Я всегда была помешана на лошадях, мне было 6, когда я начала уговаривать, умолять и подлизываться к родителям чтобы они обеспечили мне –дорогие!- уроки верховой езды. Когда отец однажды сказал мне, что мы переезжаем в Британскую Колумбию, и я смогу завести там свою лошадь, я упаковала все свои книги и игрушки буквально за одну ночь, готовая уехать в один момент. В реальности, продажа нашего дома и переезд заняли чуть больше времени; но через пару лет я стала дико радостной и гордой владелицей восьмимесячной зарегистрированной квотерхорс-кобылки, едущей к нам на конюшню, и звали ее Бонни.
Весна 1981 года: Сабин Келлс со своей любимой квотерхорс кобылой Бонни.

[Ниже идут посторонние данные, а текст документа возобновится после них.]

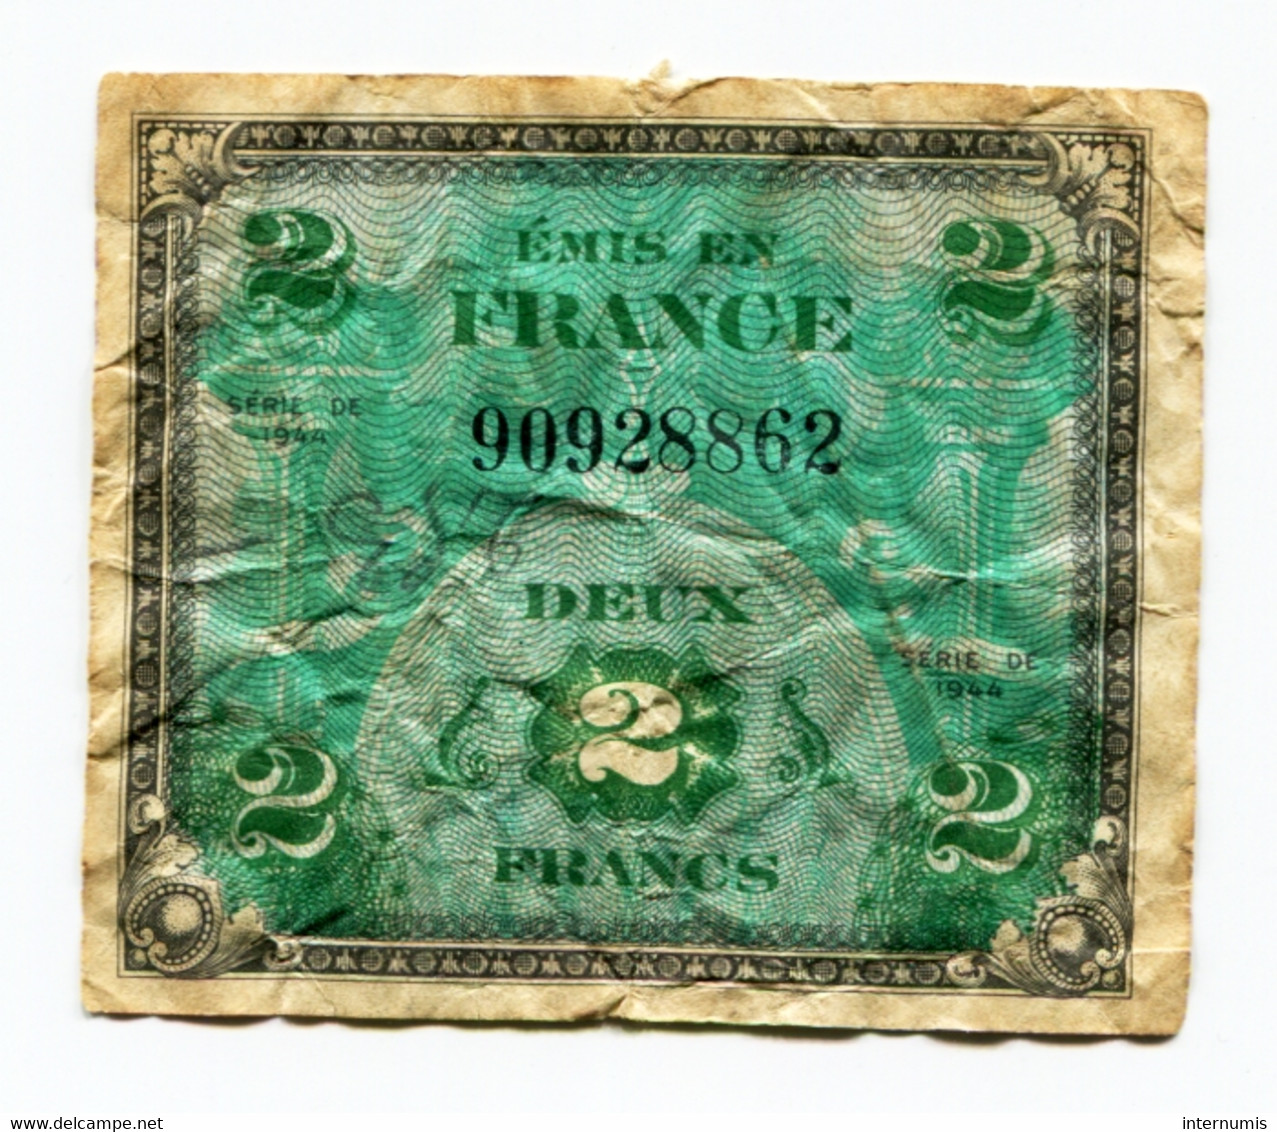 France, 2 Francs, DRAPEAU Sans Série, TYPE DE 1944, N° : 90928862, B (VG), VF.16.01 - 1944 Flagge/Frankreich

К тому переломному моменту в моей жизни, на заре тинейджерства, я являла собой продукт шестилетнего обучения выездке от типичного немецкого инструктора 70-х. Два моих самых ярких воспоминания об обучении: стойла, часто более чем с футом стоптанной соломы и навоза, откуда мы, как студенты, выводили своих поседланных и ждущих лошадей для каждого урока; и волдыри на пальцах, с которыми я приходила домой (несмотря на перчатки!), которые появлялись от «плотного» контакта с поводом.
И теперь эта бедная, несчастная кобылка квотерхорса стала жертвой всего моего огромного знания, тренинга и опыта. К счастью, она была достаточно крепка не только чтобы пережить такой опыт, но и практически в одиночку изменить лошадиный мир в процессе.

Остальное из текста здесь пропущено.